总之,我现在有一些问题从多个网页抓取数据。
library(RCurl)
library(XML)
tables <- readHTMLTable(getURL("https://www.basketball-reference.com/leagues/NBA_2018_games.html"))
for (i in c("october", "november", "december", "january")) {
readHTMLTable(getURL(paste0("https://www.basketball-reference.com/leagues/NBA_2018_games-",i,".html")))
regular <- tables[["schedule"]]
write.csv(regular, file = paste0("./", i, i, ".csv"))
}
我遇到了一个问题,它似乎没有在几个月内循环,只是从10月份开始保存4个文件。 任何帮助赞赏。
答案 0 :(得分:0)
这不是最优雅的方式,但效果很好。
希望能帮到你。
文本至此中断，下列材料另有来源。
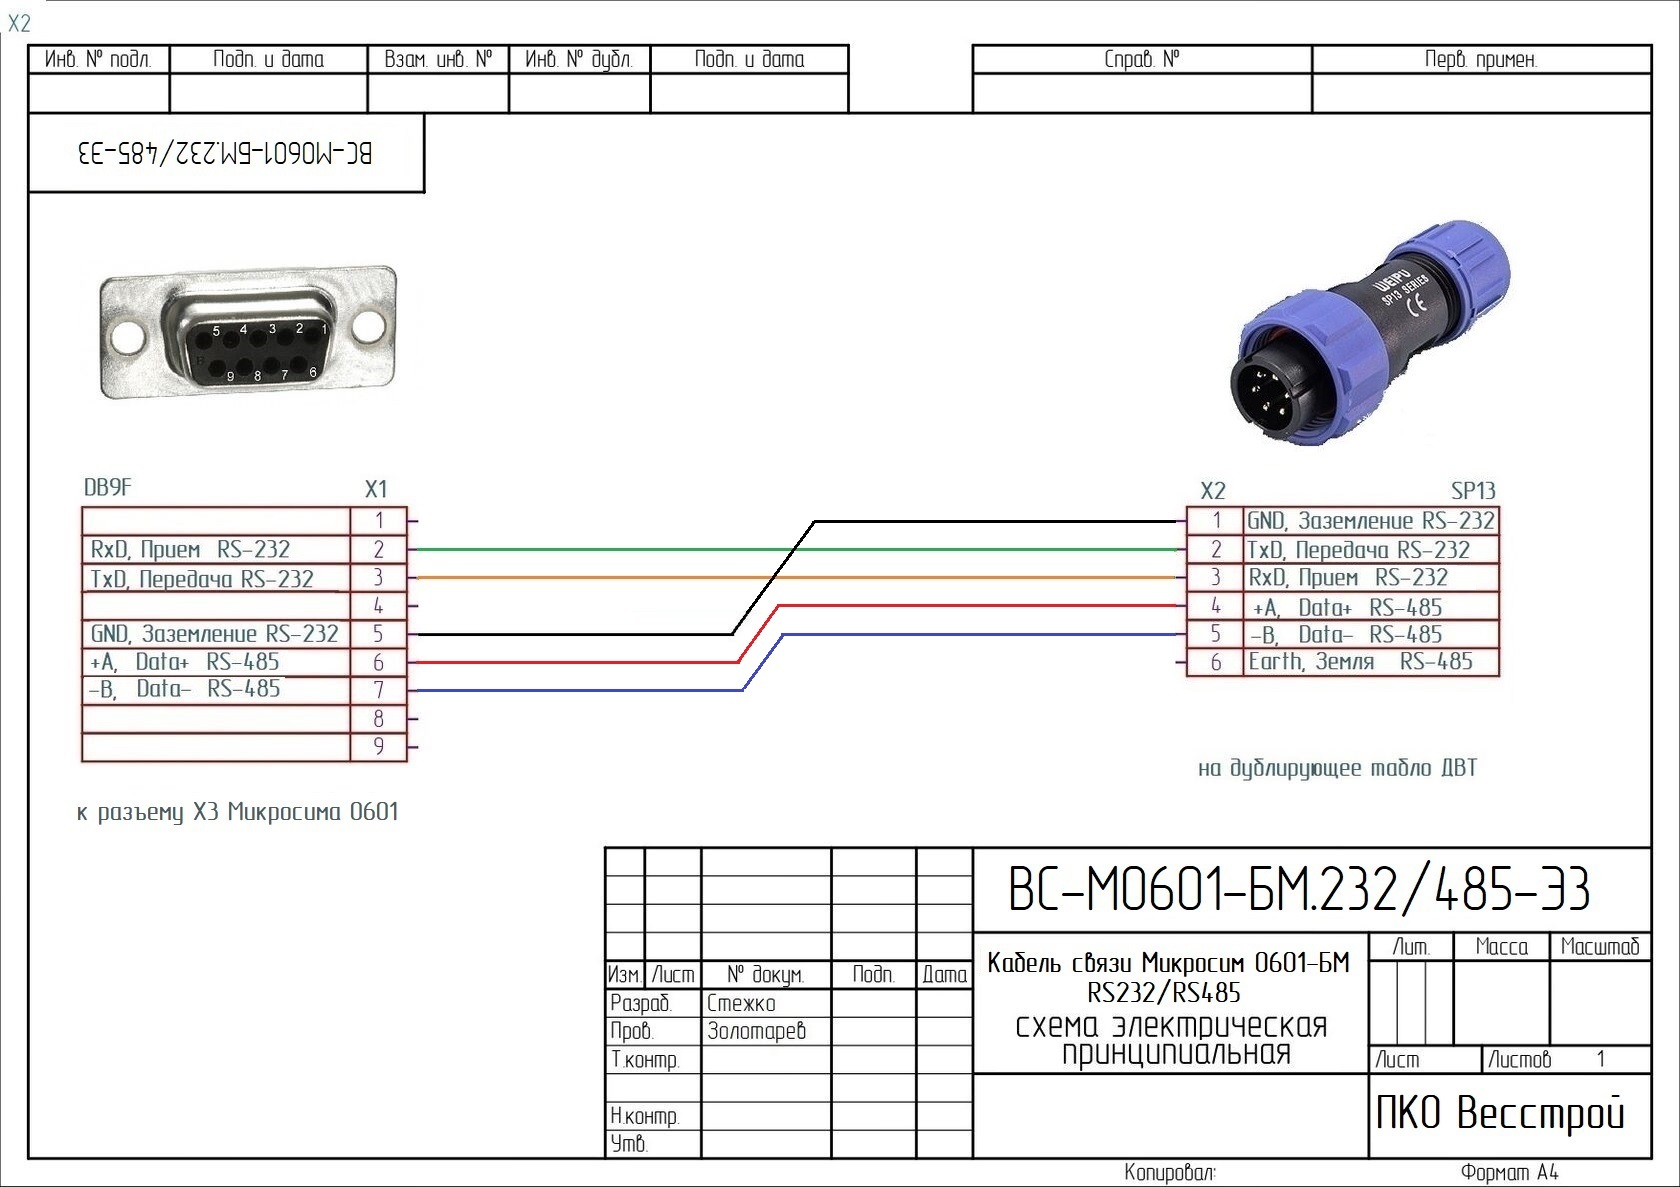 Схема кабеля для индикатора НВТ-9 и дублирующего табло

rm(list = ls())
if(!require("rvest")){install.packages("rvest");library("rvest")}
for (i in c("october", "november", "december", "january")) {
nba_url <- read_html(paste0("https://www.basketball-reference.com/leagues/NBA_2018_games-",i,".html"))
#Left part of the table
left<-nba_url %>%
html_nodes(".left") %>% #item de precios
html_text()
left<-left[-length(left)]
left<-left[-(1:4)]
#Assign specific values
Date<-left[seq(1,length(left),4)]
Visitor<-left[seq(2,length(left),4)]
Home<-left[seq(3,length(left),4)]
#Right part of the table
right<-nba_url %>%
html_nodes(".right") %>% #item de precios
html_text()
right<-right[-length(right)]
right<-right[-(1:2)]
#Assign specific values
Start<-right[seq(1,length(right),3)]
PTS1<-right[seq(2,length(right),3)]
PTS2<-right[seq(3,length(right),3)]
nba_data<-data.frame(Date,Start,Visitor,PTS1,Home,PTS2)
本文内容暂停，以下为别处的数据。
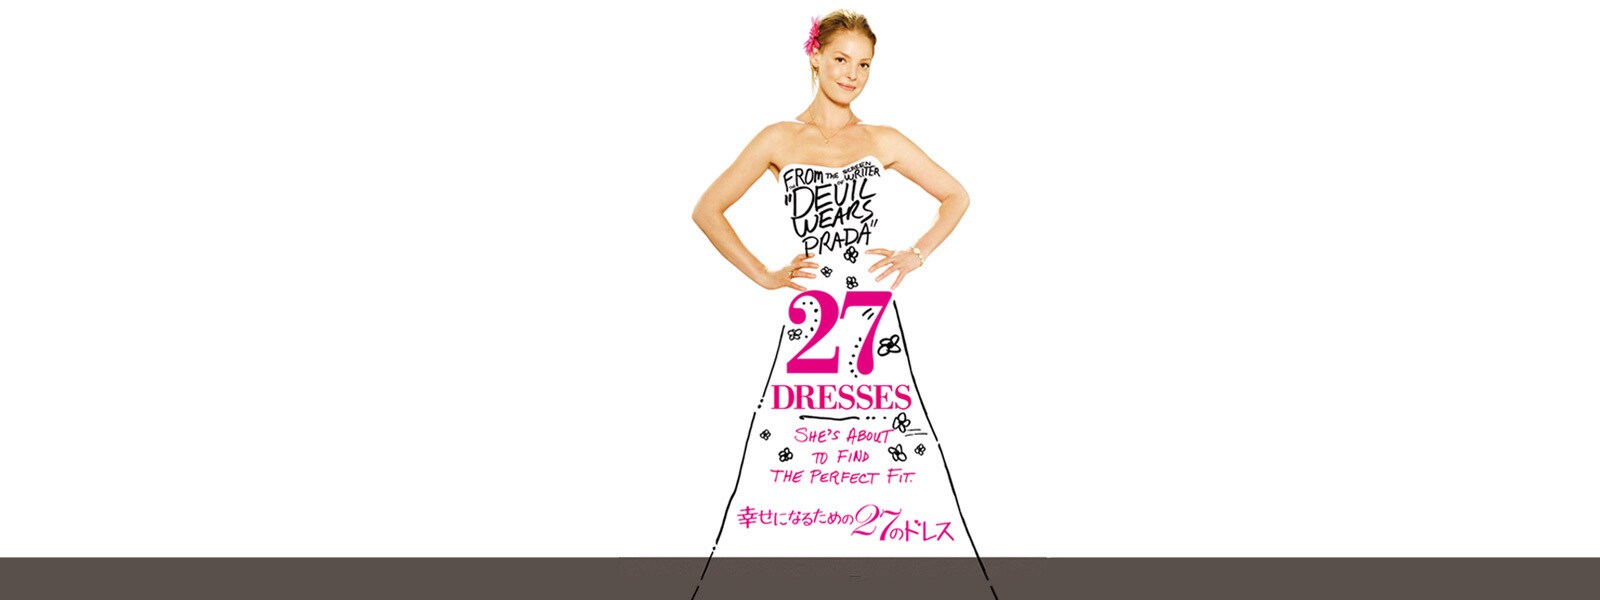 幸せになるための27のドレス｜27-dresses Hero Object

write.csv(nba_data, file = paste0("./", i, i, ".csv"))
}
答案 1 :(得分:0)
这是使用tidyvere废弃本网站的解决方案。但首先我们检查网站的robots.txt文件,以了解请求的限制率。有关详细信息,请参阅帖子Analyzing “Crawl-Delay” Settings in Common Crawl robots.txt Data with R以供参考。
library(spiderbar)
library(robotstxt)
rt <- robxp(get_robotstxt("https://www.basketball-reference.com"))
crawl_delays(rt)
#> agent crawl_delay
#> 1 * 3
#> 2 ahrefsbot -1
#> 3 twitterbot -1
#> 4 slysearch -1
#> 5 ground-control -1
#> 6 groundcontrol -1
#> 7 matrix -1
#> 8 hal9000 -1
#> 9 carmine -1
#> 10 the-matrix -1
#> 11 skynet -1
我们对*
值感兴趣。我们看到我们必须在请求之间等待至少3秒。我们将花5个时间。
我们使用tidyverse
生态系统来构建网址并迭代它们以获取包含所有数据的表格。
library(tidyverse)
library(rvest)
#> Le chargement a nécessité le package : xml2
#>
#> Attachement du package : 'rvest'
#> The following object is masked from 'package:purrr':
#>
#> pluck
#> The following object is masked from 'package:readr':
#>
#> guess_encoding
month_sub <- c("october", "november", "december", "january")
urls <- map_chr(month_sub, ~ paste0("https://www.basketball-reference.com/leagues/NBA_2018_games-", .,".html"))
urls
#> [1] "https://www.basketball-reference.com/leagues/NBA_2018_games-october.html"
#> [2] "https://www.basketball-reference.com/leagues/NBA_2018_games-november.html"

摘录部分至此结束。